%%

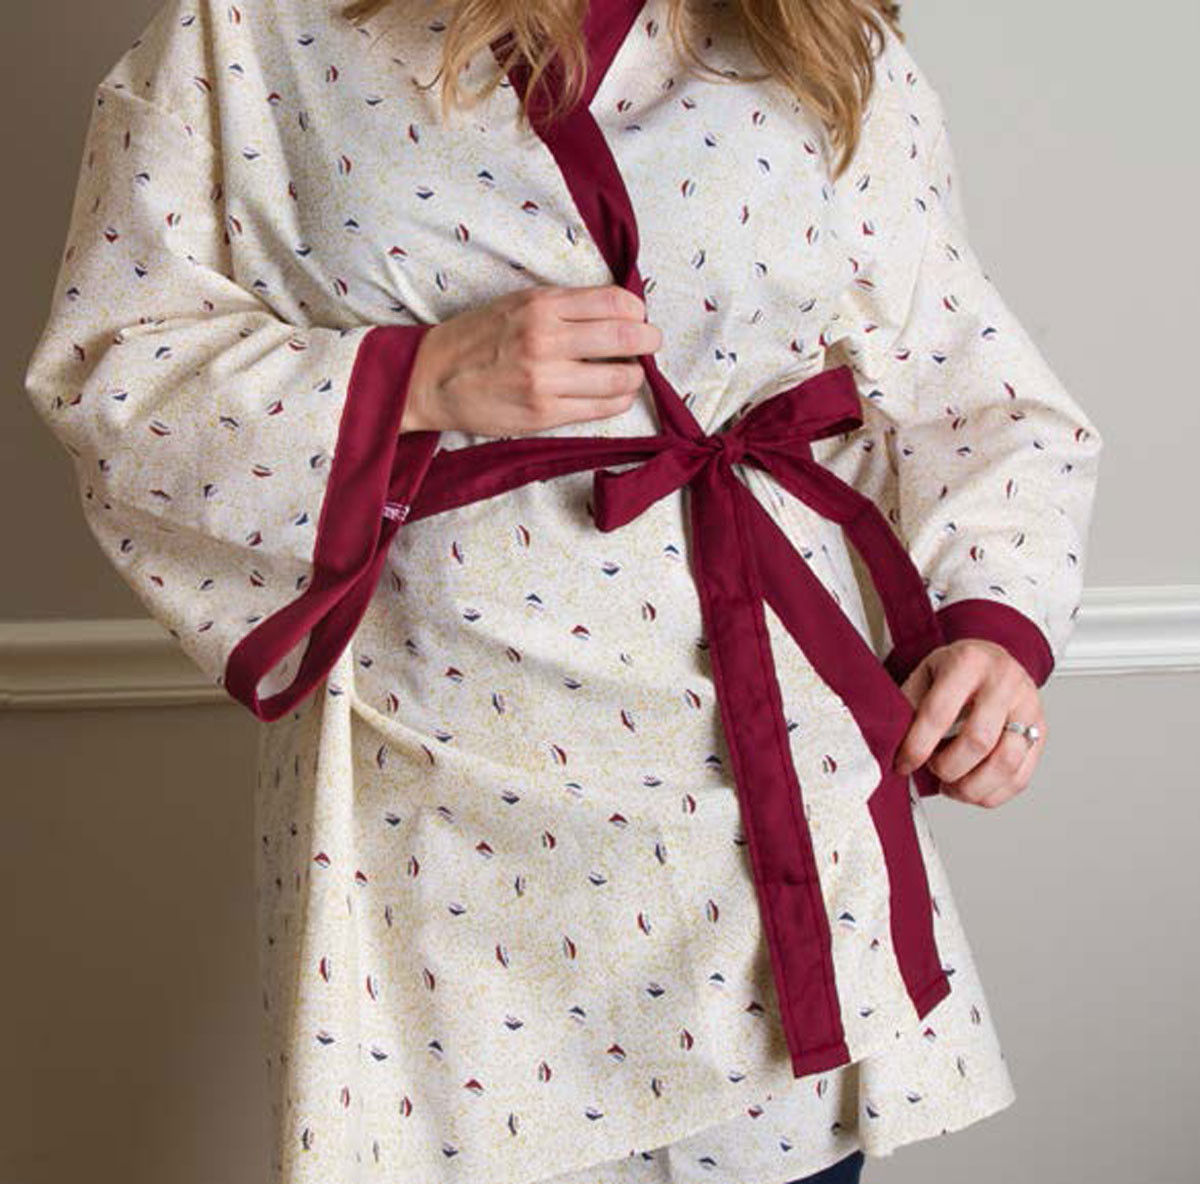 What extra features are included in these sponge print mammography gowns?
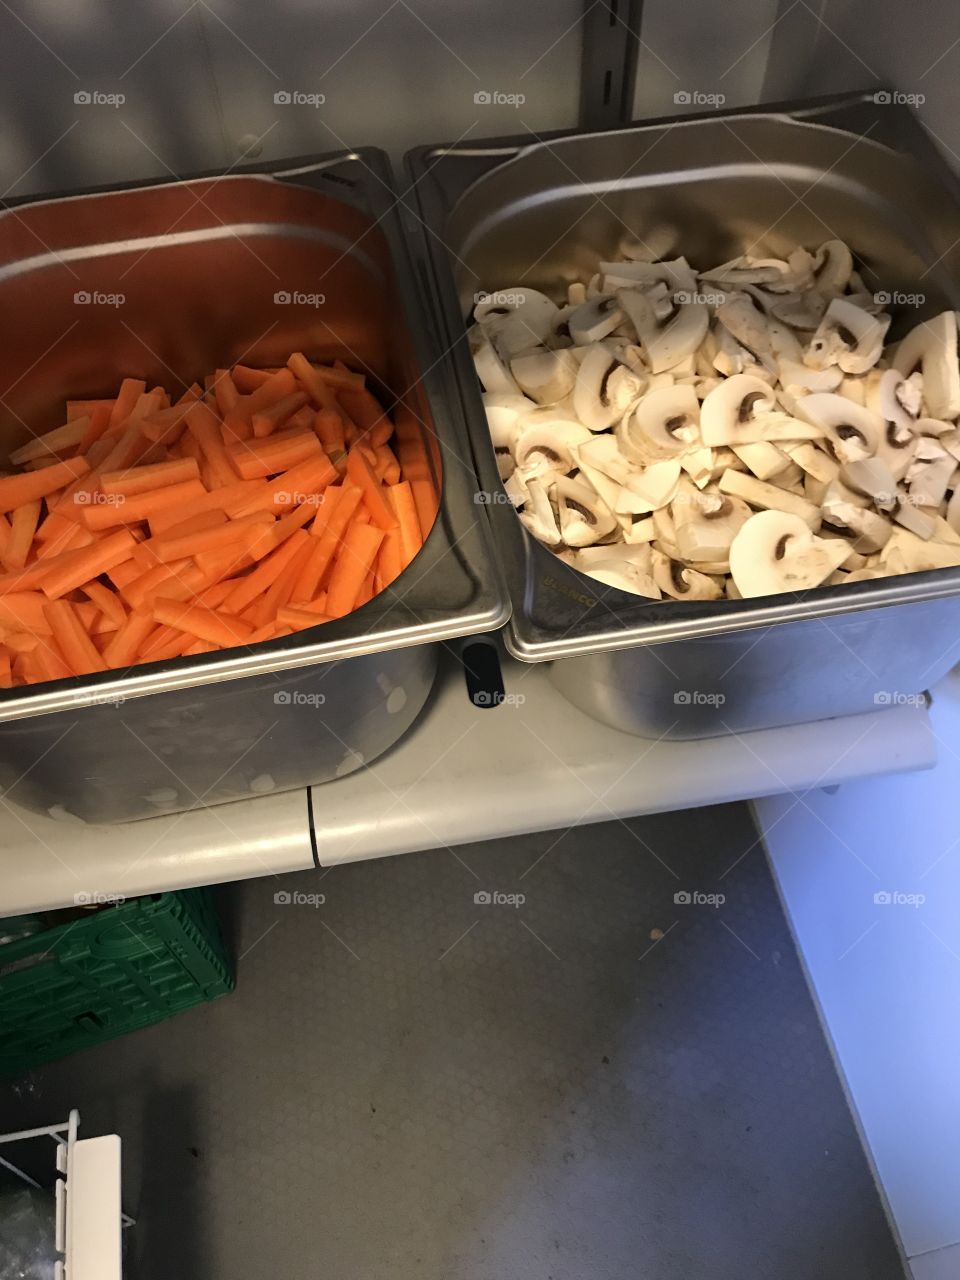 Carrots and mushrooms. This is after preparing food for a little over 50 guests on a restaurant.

%%
%%

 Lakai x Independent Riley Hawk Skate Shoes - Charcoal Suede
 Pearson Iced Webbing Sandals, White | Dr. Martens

%%

Work request: Everything above from the line containing "Lakai x Independent" through the line containing "Pearson Iced Webbing" must be copied exactly. Nothing outside that range belongs in the answer.

Result of this exercise:
 Lakai x Independent Riley Hawk Skate Shoes - Charcoal Suede
 Pearson Iced Webbing Sandals, White | Dr. Martens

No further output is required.